The dose-response is not entirely clean. Some outcomes seem strongest at 10 or 20 mg/kg rather than 30 mg/kg. That is not fatal, but it suggests fisetin’s effects may be non-linear, and the optimal dose is not clearly established.

The paper focuses mainly on granulosa cells, but ovarian aging also involves oocyte quality, stromal inflammation/fibrosis, vascular changes, endocrine feedback, immune changes, and follicle pool dynamics. The study shows improved follicular environment but does not deeply assess oocyte competence, meiotic spindle quality, aneuploidy, mitochondrial DNA damage, or live-birth outcomes.
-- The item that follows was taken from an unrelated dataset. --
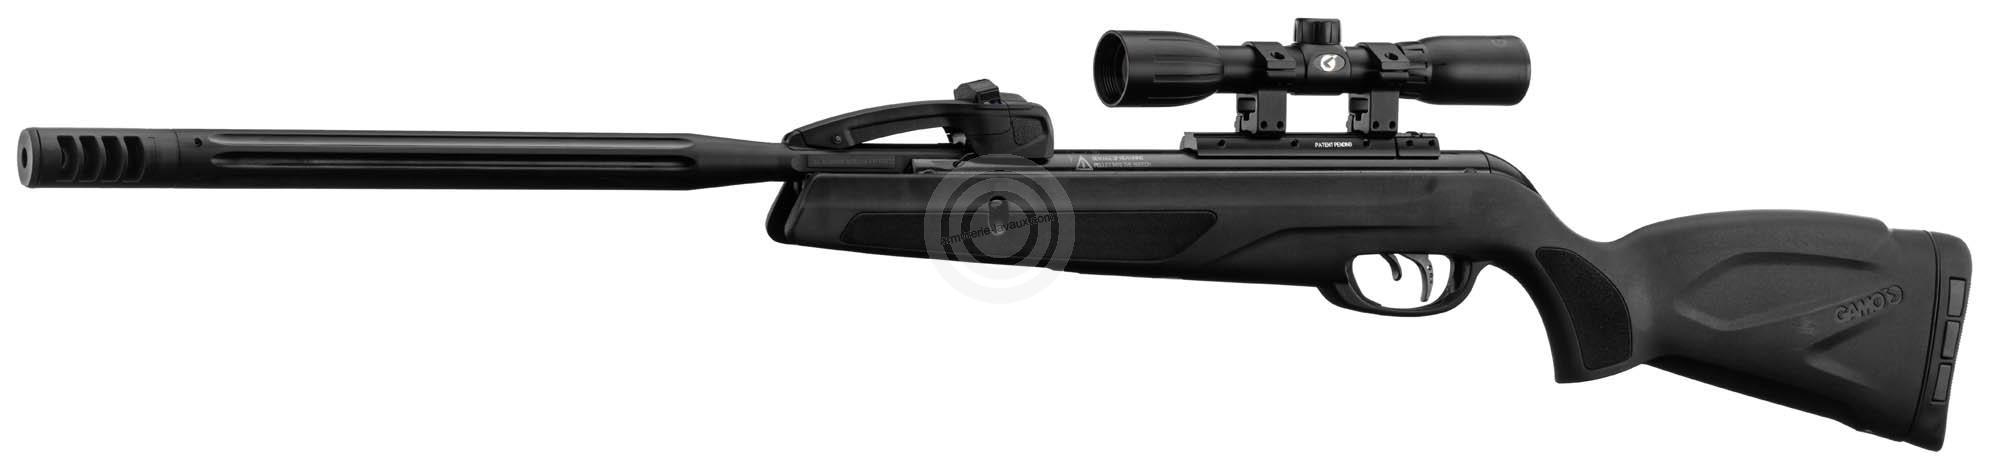 Carabine GAMO REPLAY 10 Maxxim Combo 4x32 (chargeur 10 coups)

The translational discussion around human-equivalent dosing is interesting but premature. Fisetin has been tested in human contexts, but ovarian aging, ovarian reserve, fertility, and reproductive endocrinology are distinct endpoints. Human bioavailability is also a major issue for fisetin, and ovarian tissue exposure is not established here.

Overall assessment

This is a useful mechanistic preclinical study showing that fisetin can reduce D-gal-induced ovarian dysfunction and granulosa-cell senescence, with evidence implicating AMPK/mTOR-regulated mitophagy. The work is strongest as a model of oxidative-stress-driven ovarian injury and weaker as proof of genuine anti-aging or fertility-extension effects.

The next decisive experiments would be: testing fisetin in naturally aged mice, using stronger mitophagy-flux reporters, applying genetic AMPK/PINK1/Parkin perturbations, measuring oocyte quality and live births, and assessing fisetin pharmacokinetics in ovarian tissue.